Most aquaculture production comes from land-intensive systems such as catfish farms. These systems produce an average of 4,000 to 5,000 pounds per year with feed rates that average 35 pounds per acre per day. The major advantages of pond fish culture are the low capital cost of earthen ponds and the reliability of pond fish production. Disadvantages are the need to continuously manage pond oxygen concentration and other fluctuating water quality variables, prevent off-flavor, control predators and disease, and provide labor for harvesting. These management difficulties, combined with land, water and environmental constraints, have driven the search for technological improvements in pond aquaculture.
One solution has been to shift to more energy-intensive systems, either by increasing aeration (1 to 20 hp per acre) in low-cost ponds or by abandoning ponds altogether in favor of recirculating tank or raceway processes.
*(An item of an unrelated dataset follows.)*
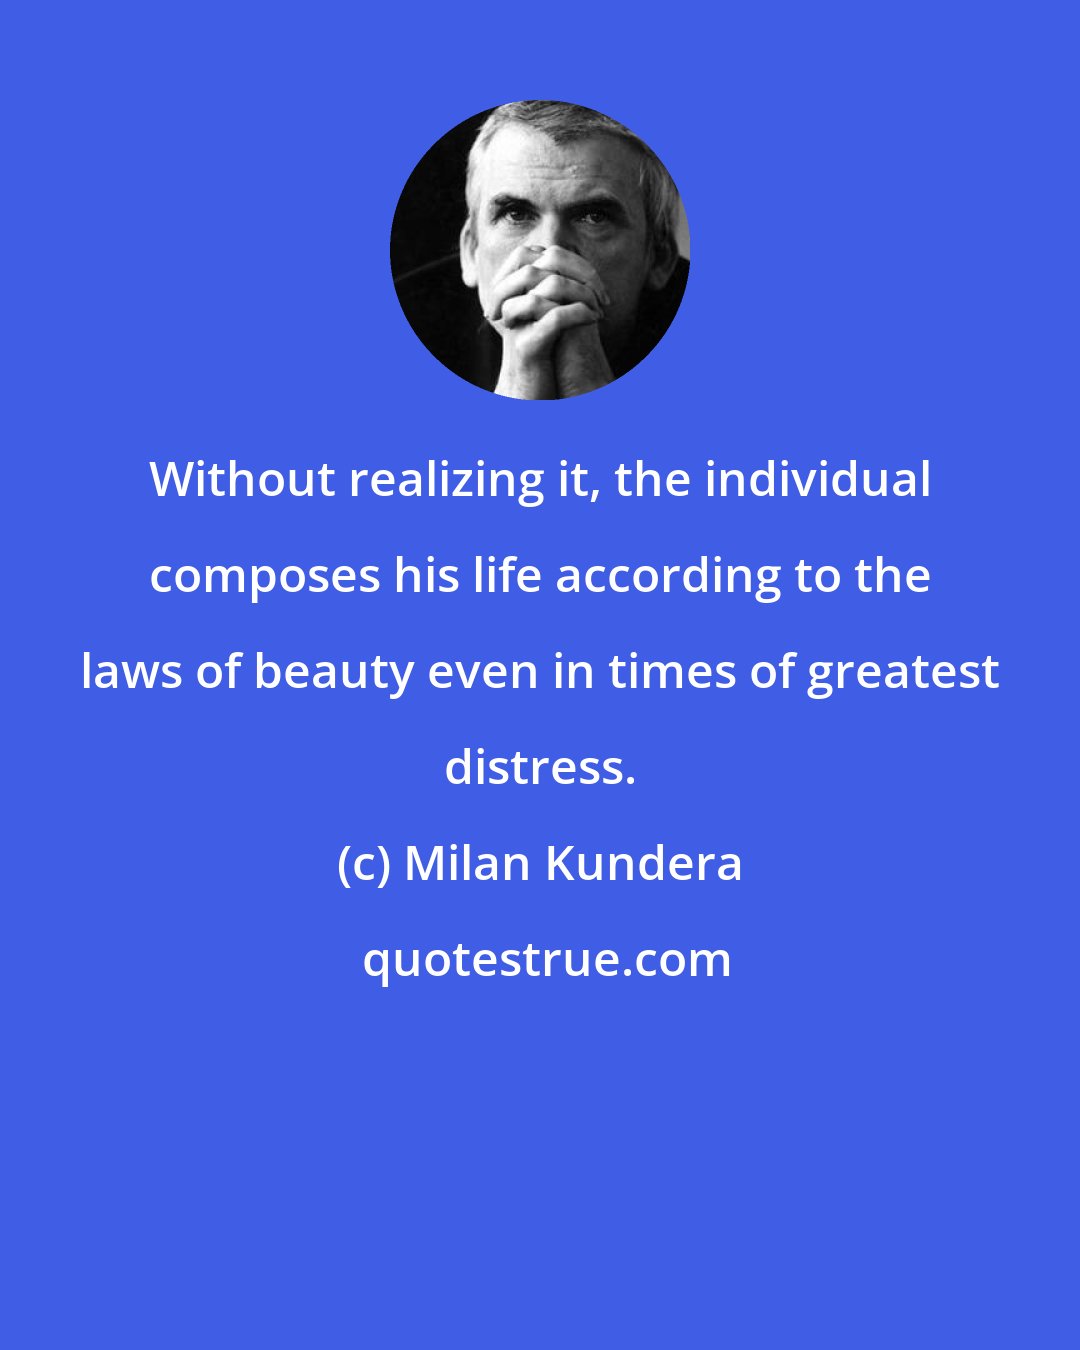 Milan Kundera: Without realizing it, the individual composes his life according to the laws of beauty even in times of greatest distress.
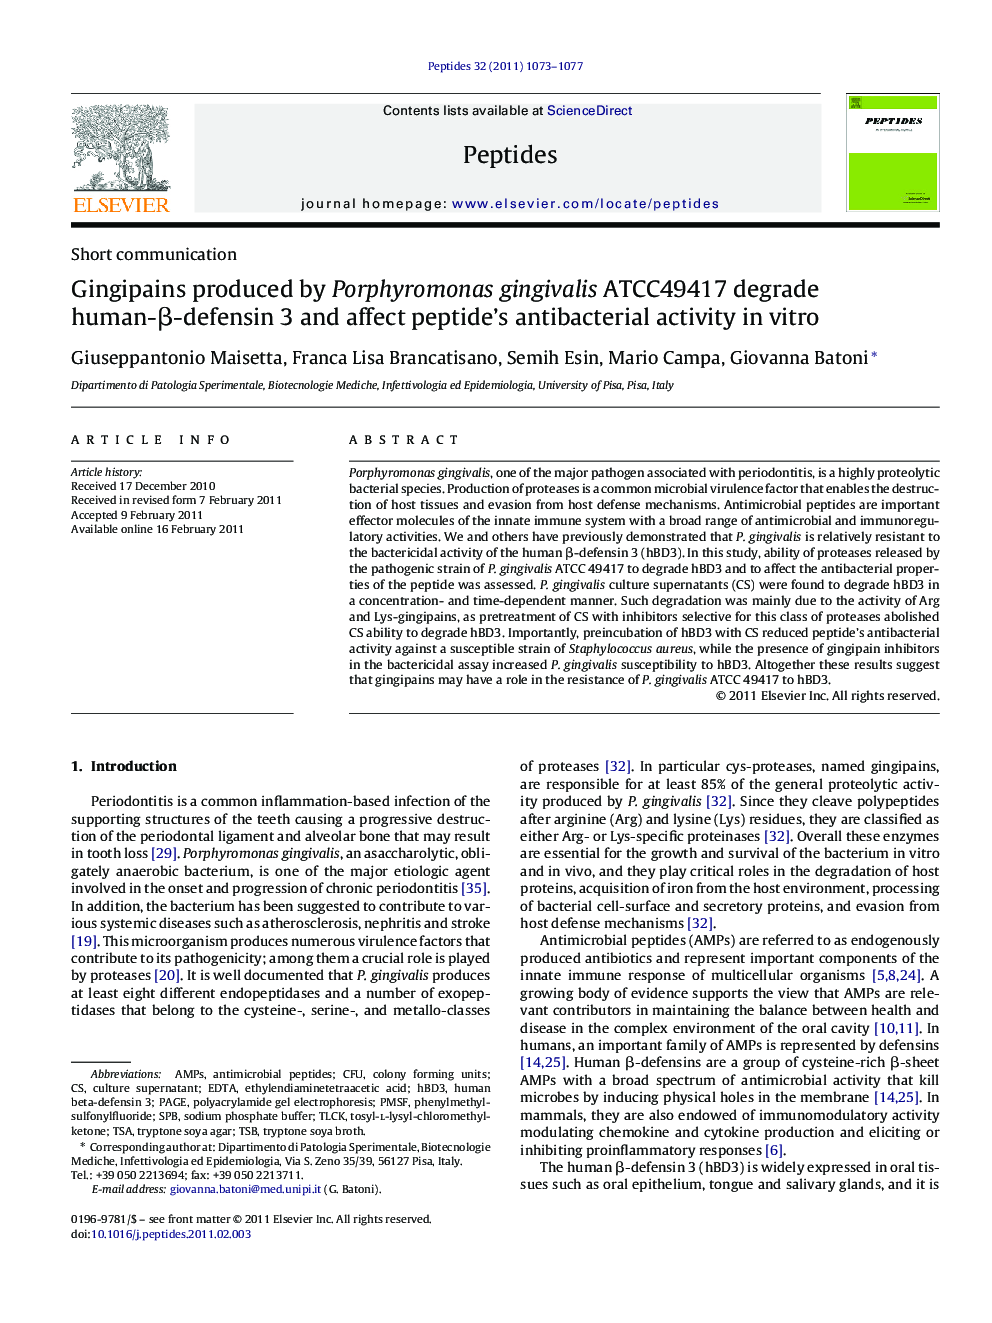 Gingipains produced by Porphyromonas gingivalis ATCC49417 degrade human-β-defensin 3 and affect peptide's antibacterial activity in vitro

In Southern climates, 1,000 to 1,500 pounds of fish per acre can be produced in unaerated, “still water” ponds. Adding paddlewheels and aerators has allowed farmers to push pond annual production to sustained levels of 4,000 to 5,000 pounds per acre. The external aeration is necessary to overcome low dissolved oxygen concentrations caused by the diurnal oxygen cycles of algal production in the pond. Typically, algal production varies from 1 to 6 g of inorganic carbon (C) fixed per day per square meter of water surface area. The average, 3 g C/m2 per day of algal fixation, corresponds to approximately 0.50 mg/l per day of algal nitrogen uptake (in a 1-m-deep pond), which amounts to a pond assimilation rate of 80 to 150 pounds of feed per day, the conventional aerated pond limit. If feed rates are higher than this, ammonia nitrogen usually must be removed from the pond.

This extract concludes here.